Material for the task:
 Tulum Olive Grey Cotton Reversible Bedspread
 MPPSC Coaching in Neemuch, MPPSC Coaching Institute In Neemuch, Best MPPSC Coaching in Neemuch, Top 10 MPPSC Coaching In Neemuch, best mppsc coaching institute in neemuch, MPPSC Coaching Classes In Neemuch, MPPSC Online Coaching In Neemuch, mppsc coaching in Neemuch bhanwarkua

==

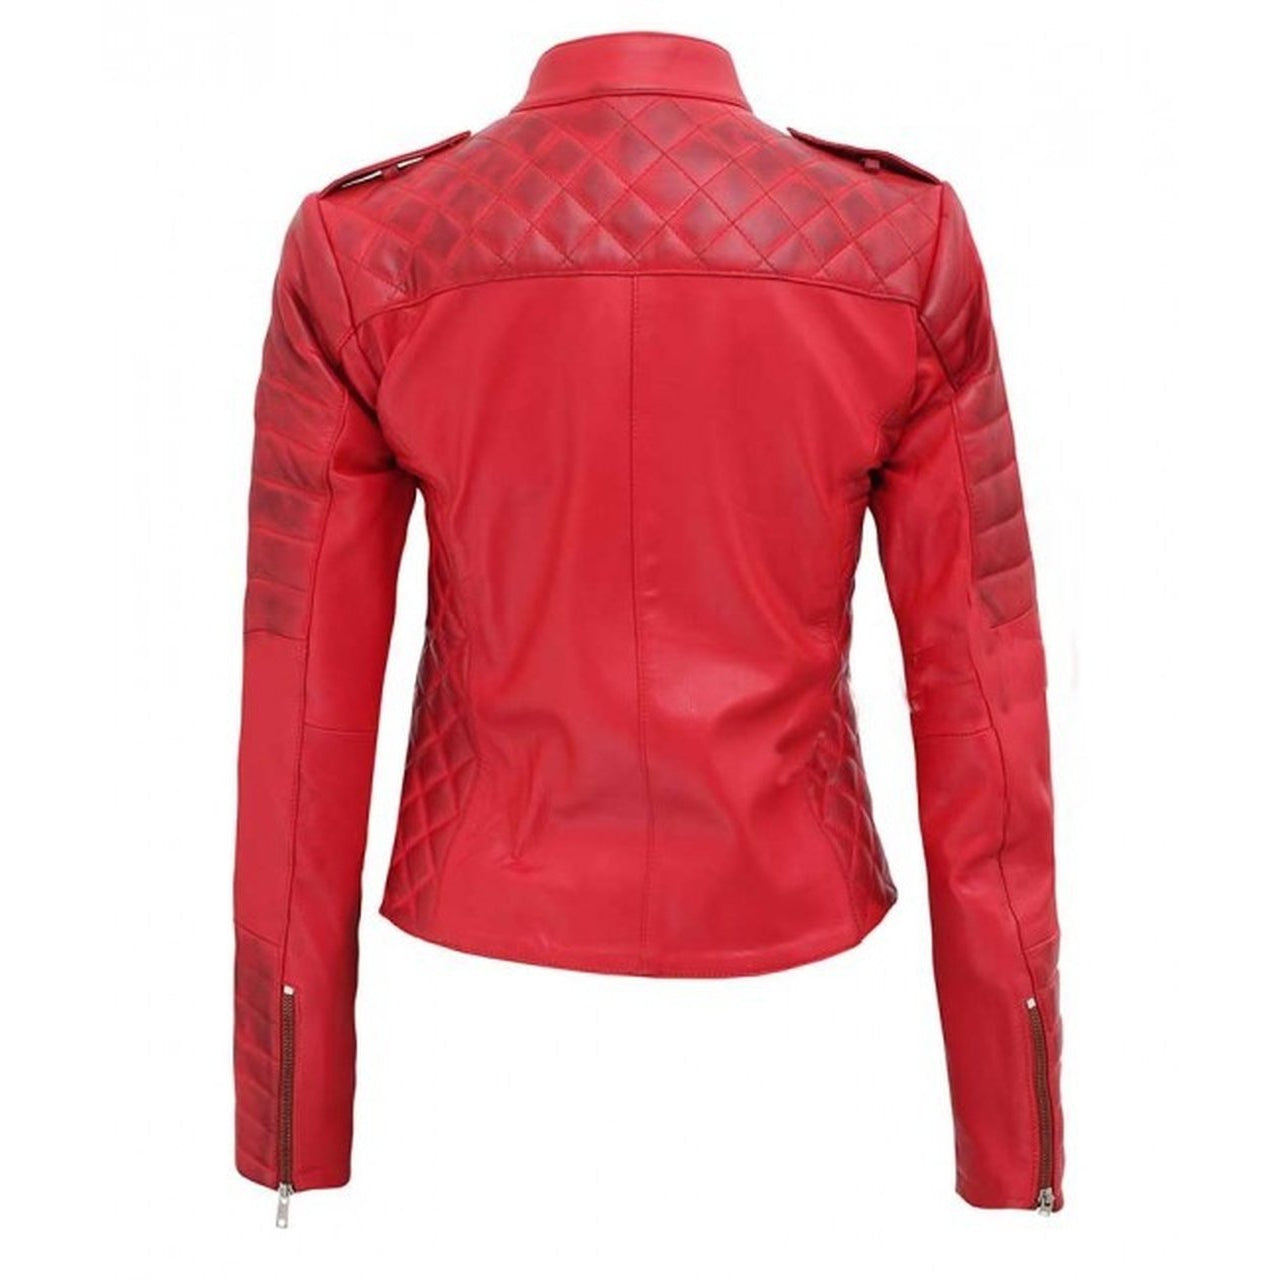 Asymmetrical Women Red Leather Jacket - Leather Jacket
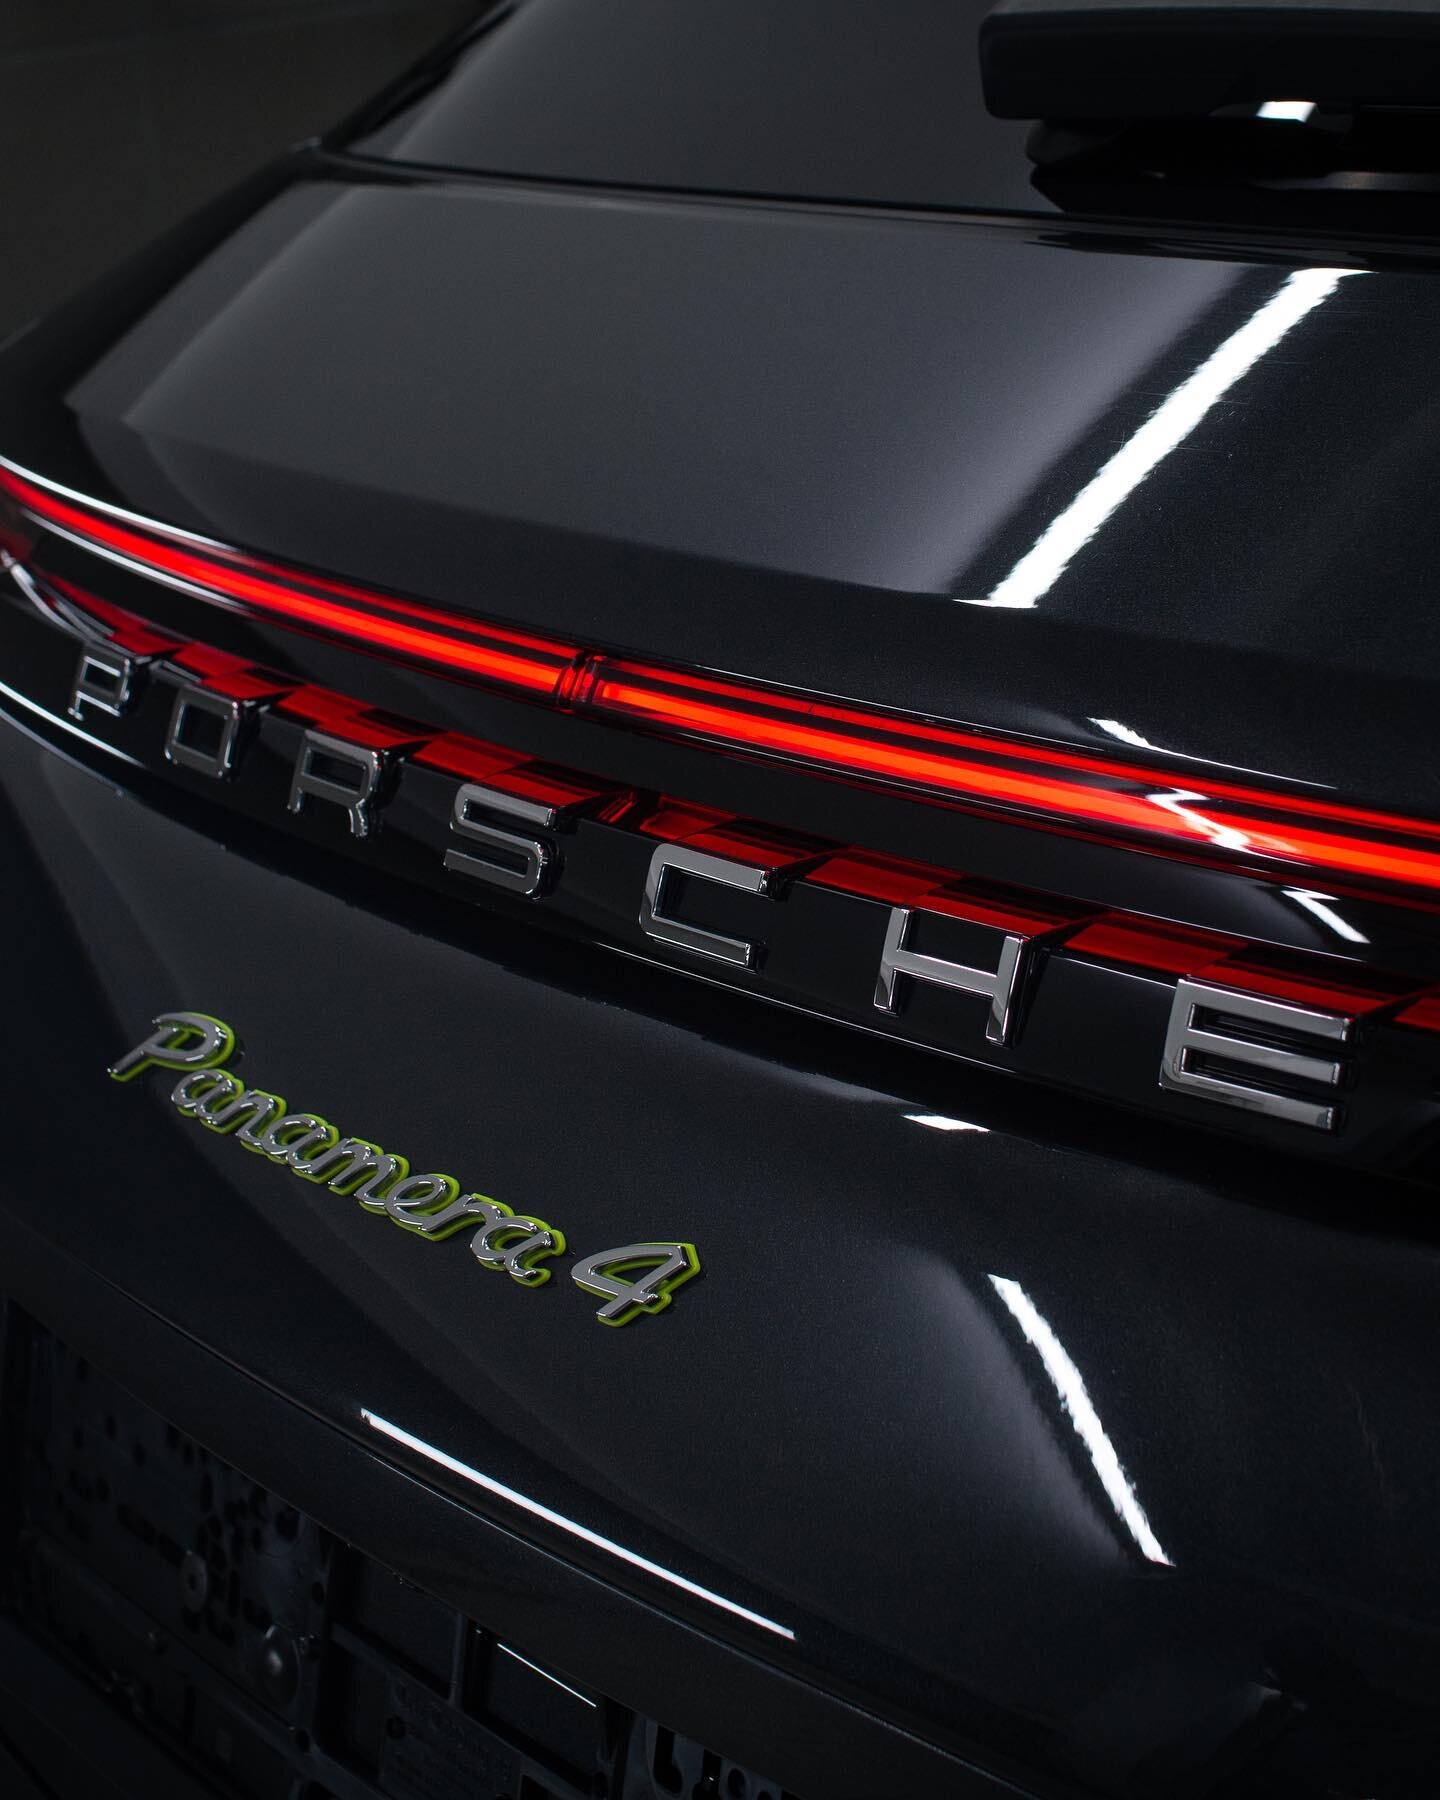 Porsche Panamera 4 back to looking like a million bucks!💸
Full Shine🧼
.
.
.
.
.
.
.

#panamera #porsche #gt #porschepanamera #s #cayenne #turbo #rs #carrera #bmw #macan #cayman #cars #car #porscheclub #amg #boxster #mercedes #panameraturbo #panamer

...

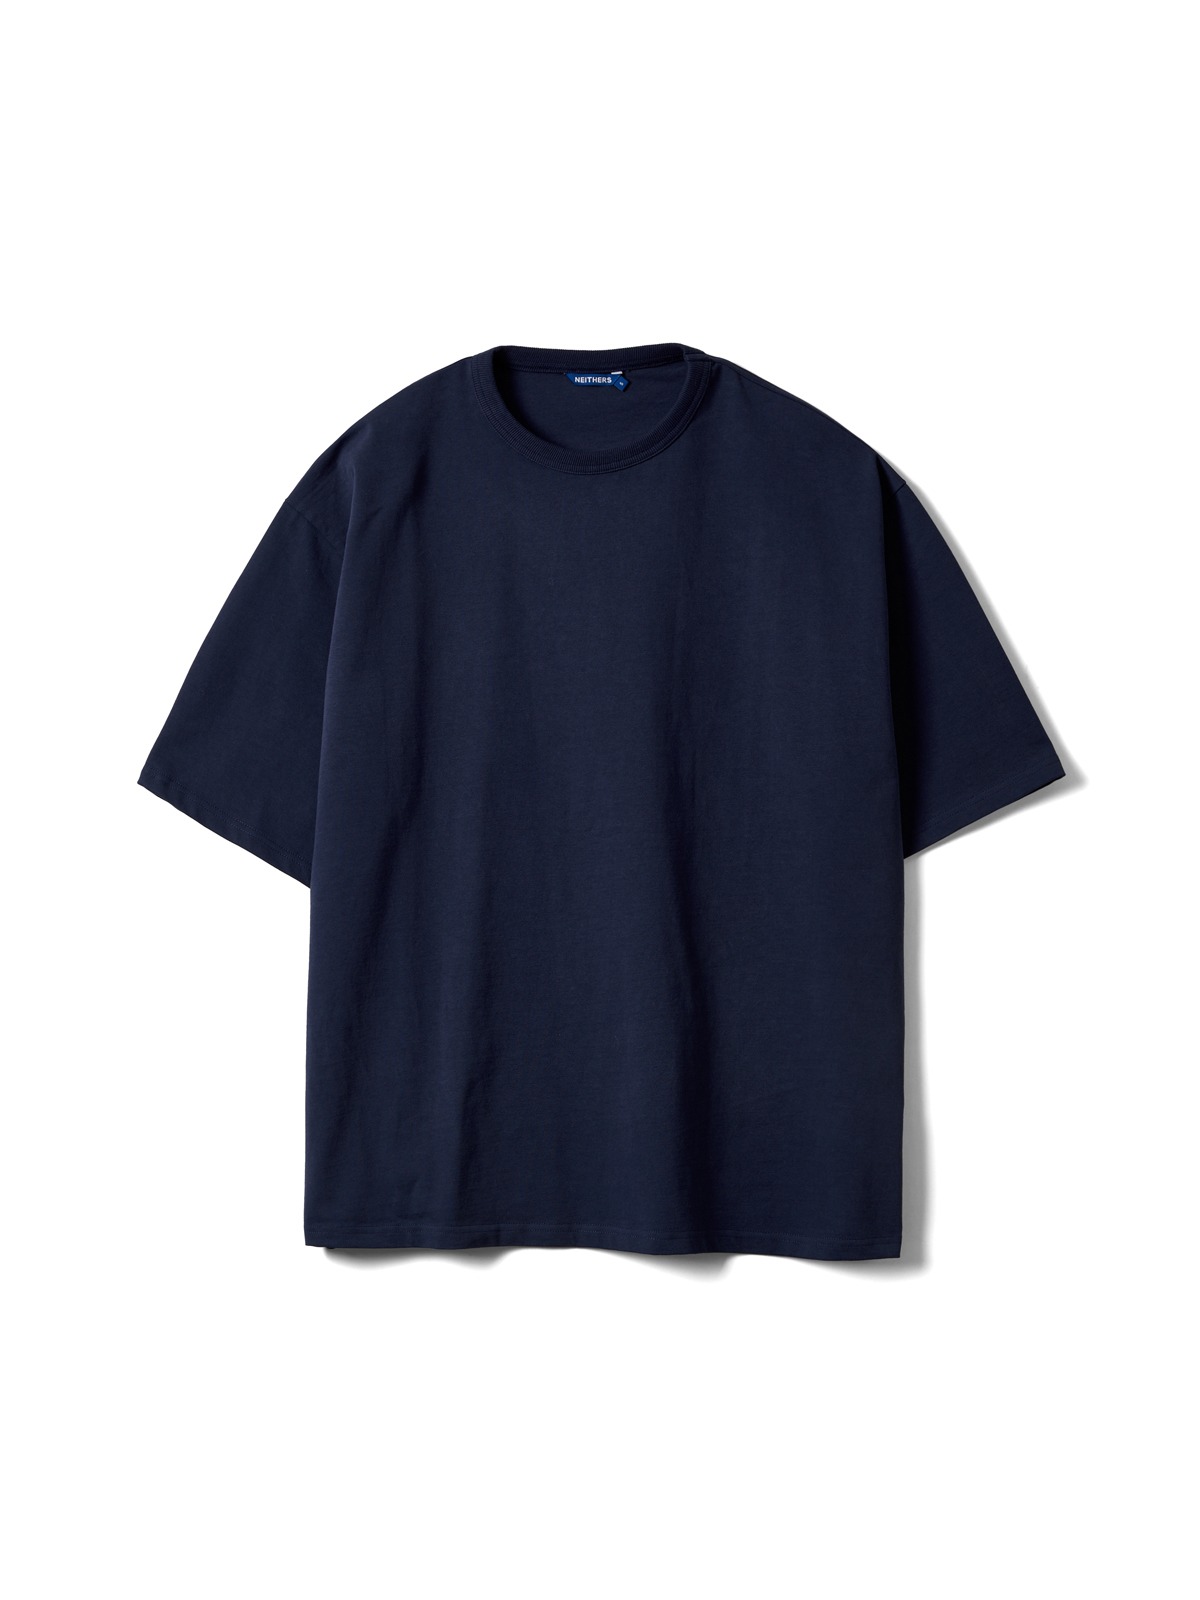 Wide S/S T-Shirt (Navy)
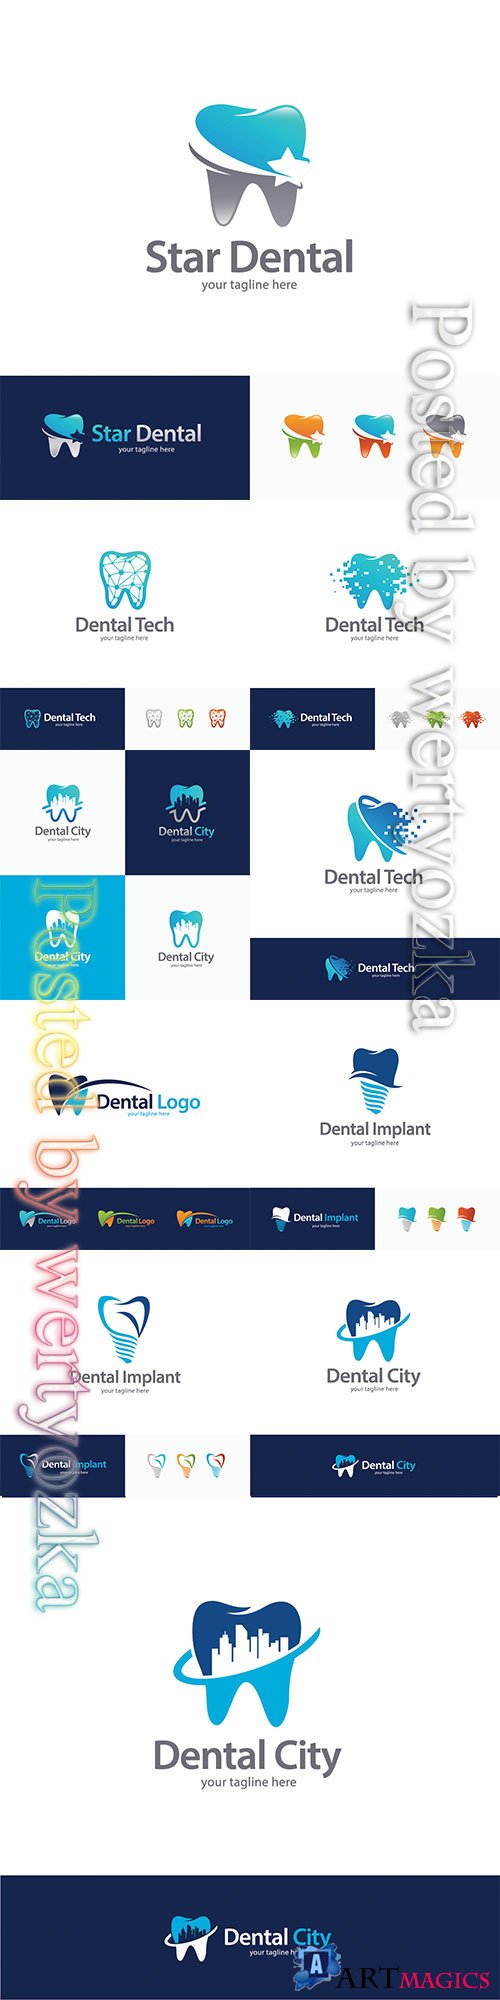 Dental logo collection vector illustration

Problem to solve: Using the material above, transcribe exactly the lines from the line with "Full Shine🧼" to the line with "#panamera #porsche #gt"; both count, and nothing else goes in.

Problem solution:
Full Shine🧼
.
.
.
.
.
.
.

#panamera #porsche #gt #porschepanamera #s #cayenne #turbo #rs #carrera #bmw #macan #cayman #cars #car #porscheclub #amg #boxster #mercedes #panameraturbo #panamer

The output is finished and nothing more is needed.